I'm solving the exercise of Conway's functional analysis. I'm trying this question.
Let $X$ be a compact space and let $\mu$ be a positive Borel measure on $X$. Let $T \in \mathcal{B}(L^p(\mu) , C(X))$ where $1<p<\infty$. Show that if $A : L^p(\mu) \to L^p(\mu)$ is defined by $Af = Tf$ then $A$ is compact.
I think that if we use fact that $L^p(\mu)$ is reflexive and if $A$ is completely continuous, then we can solve this problem because this indicate $A$ is compact operator.
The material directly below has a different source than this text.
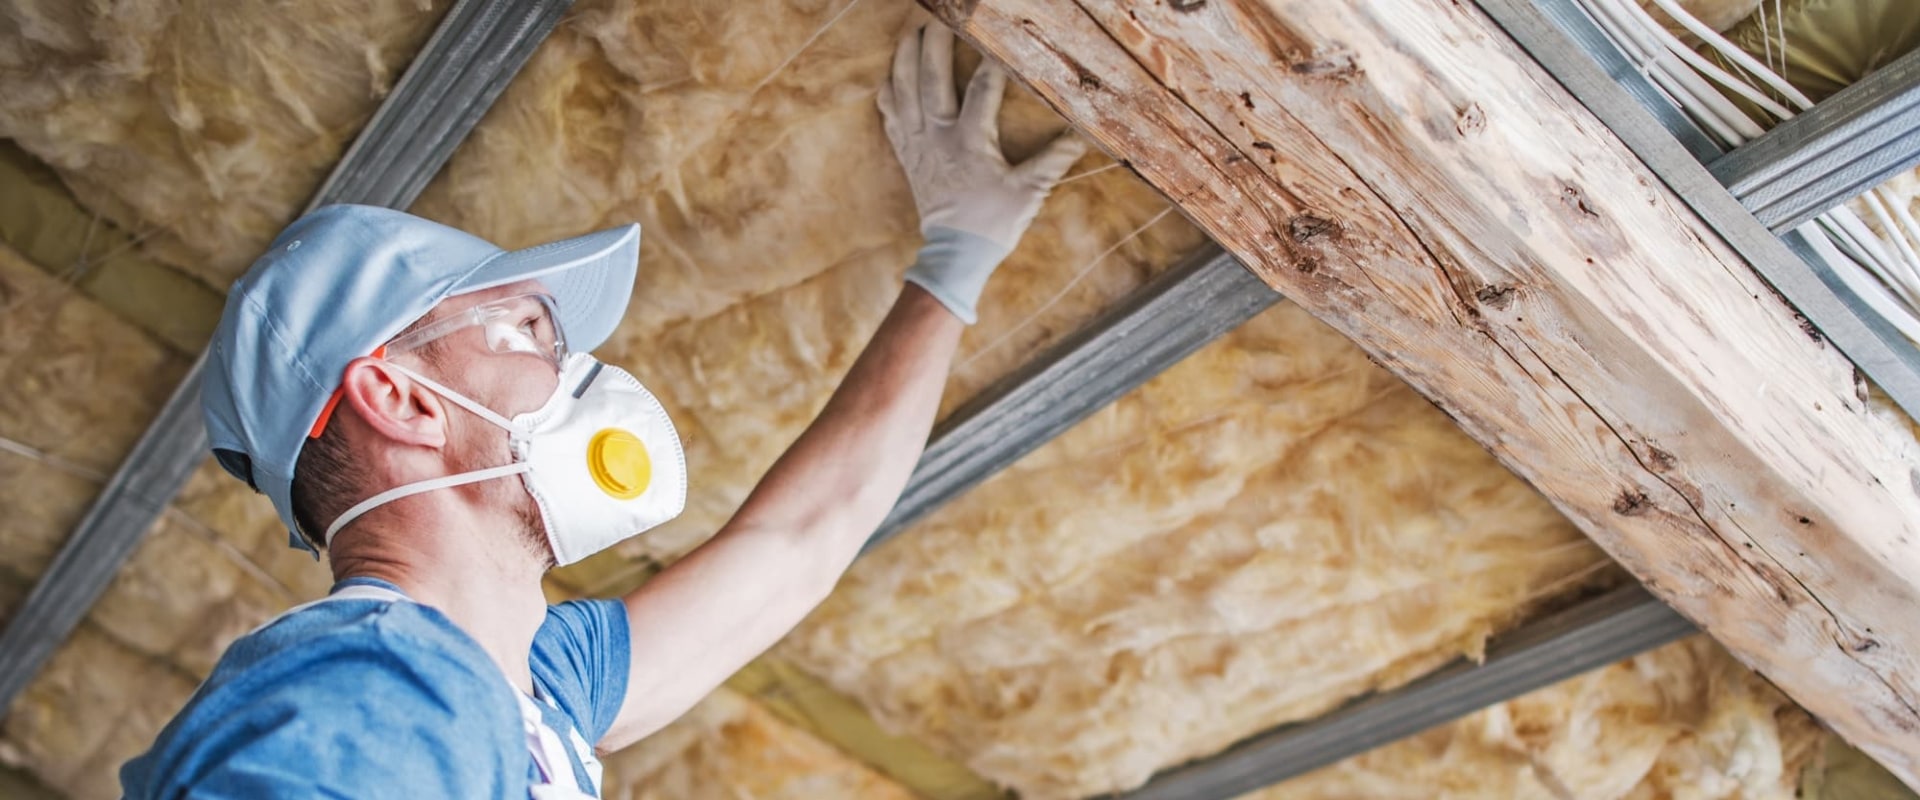 Installing Attic Insulation in West Palm Beach, FL: What You Need to Know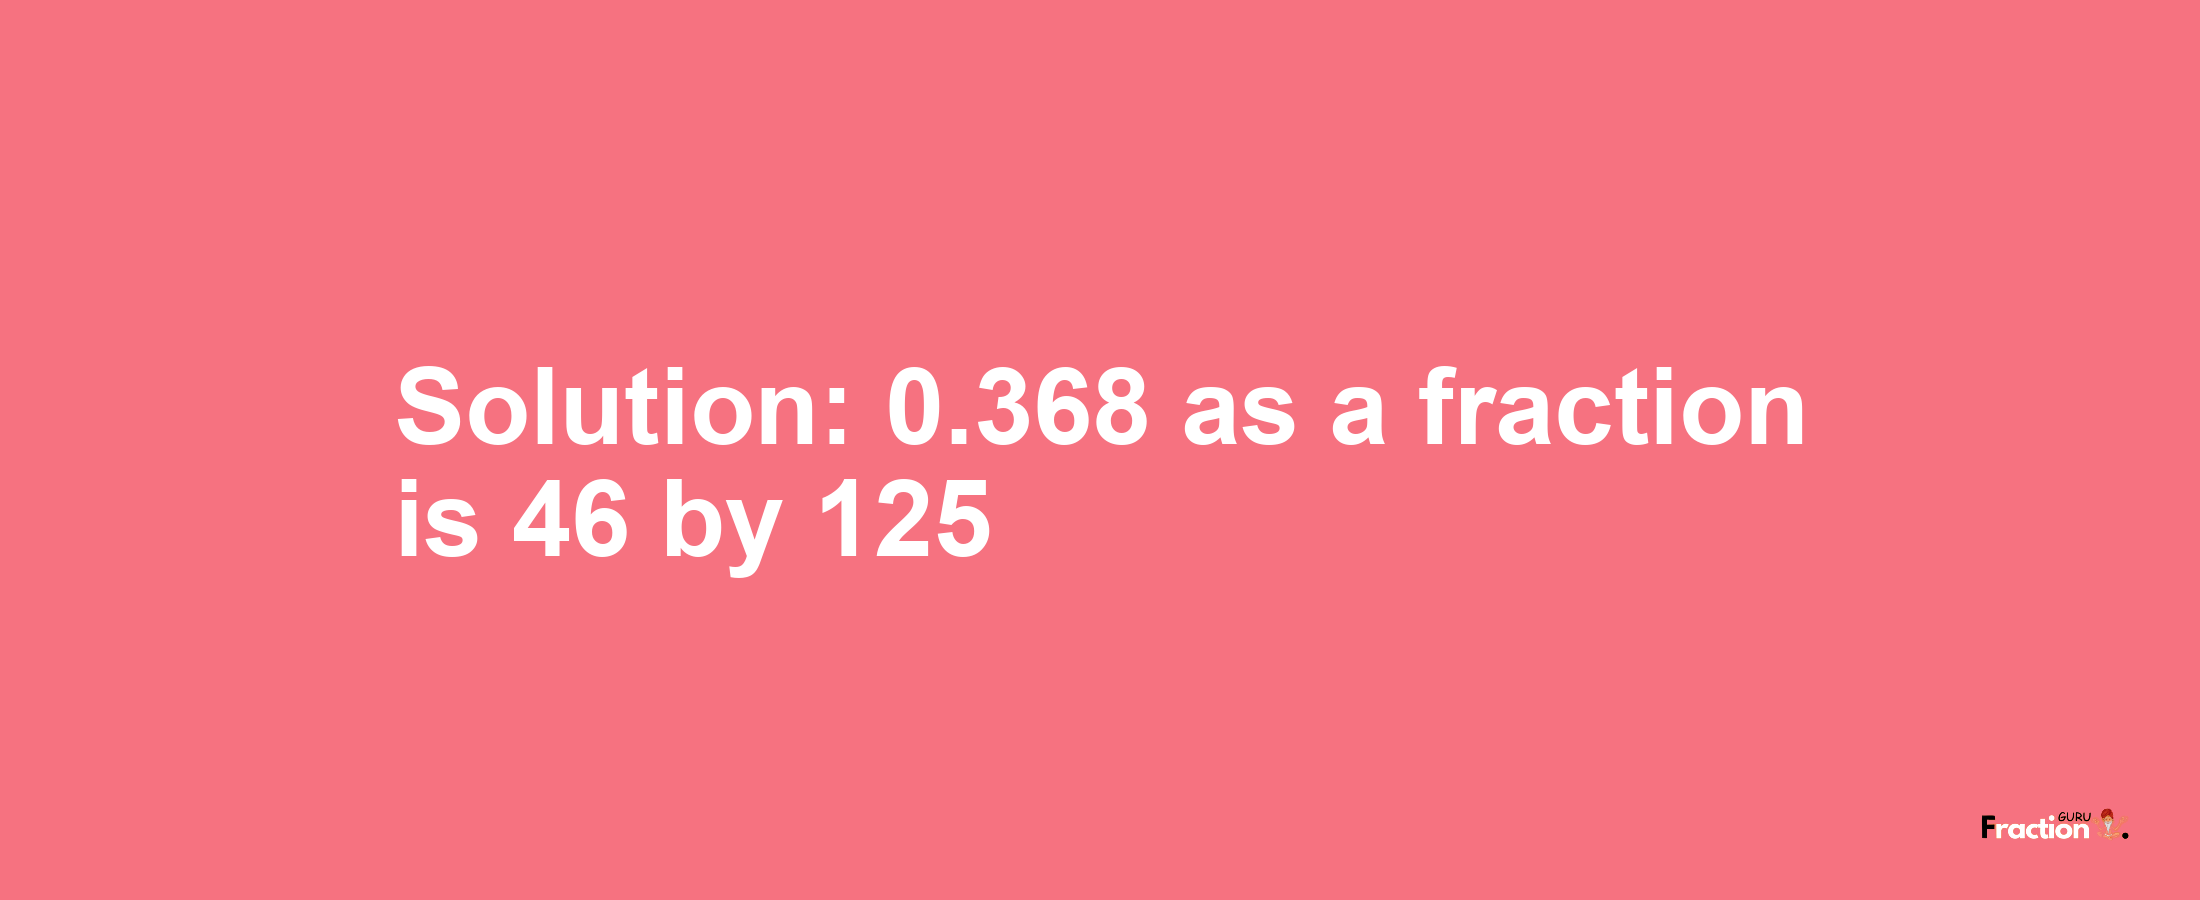 Solution:0.368 as a fraction is 46/125

So, I assumed that $f_n \to 0$ weakly, i.e. ($\int_X f_n g d\mu \to 0$ for every $g \in L^q(\mu)$) and tried to show that $\int_X (Tf_n)^p d\mu \to 0$. However, I cannot approach to next step.
Thank you.
Since $L^p(\mu)$ is reflexive, its unit ball $B$ is weakly compact. Since $T$ is continuous for the norm topologies, it is also continuous for the weak topologies and hence $T(B)$ is a weakly compact set in $C(X)$. In particular, since the map $f \mapsto f(x)$ is a continuous linear functional on $C(X)$ for each $x \in X$, for any sequence $f_n$ in $T(B)$ there exists a subsequence $f_{n_k}$ that converges pointwise to $f \in C(X)$.
Additionally, since $T$ is a bounded operator $T(B)$ is a bounded set. Therefore by the bounded convergence theorem $f_{n_k} \to f$ in $L^p(X)$ also, proving the desired result.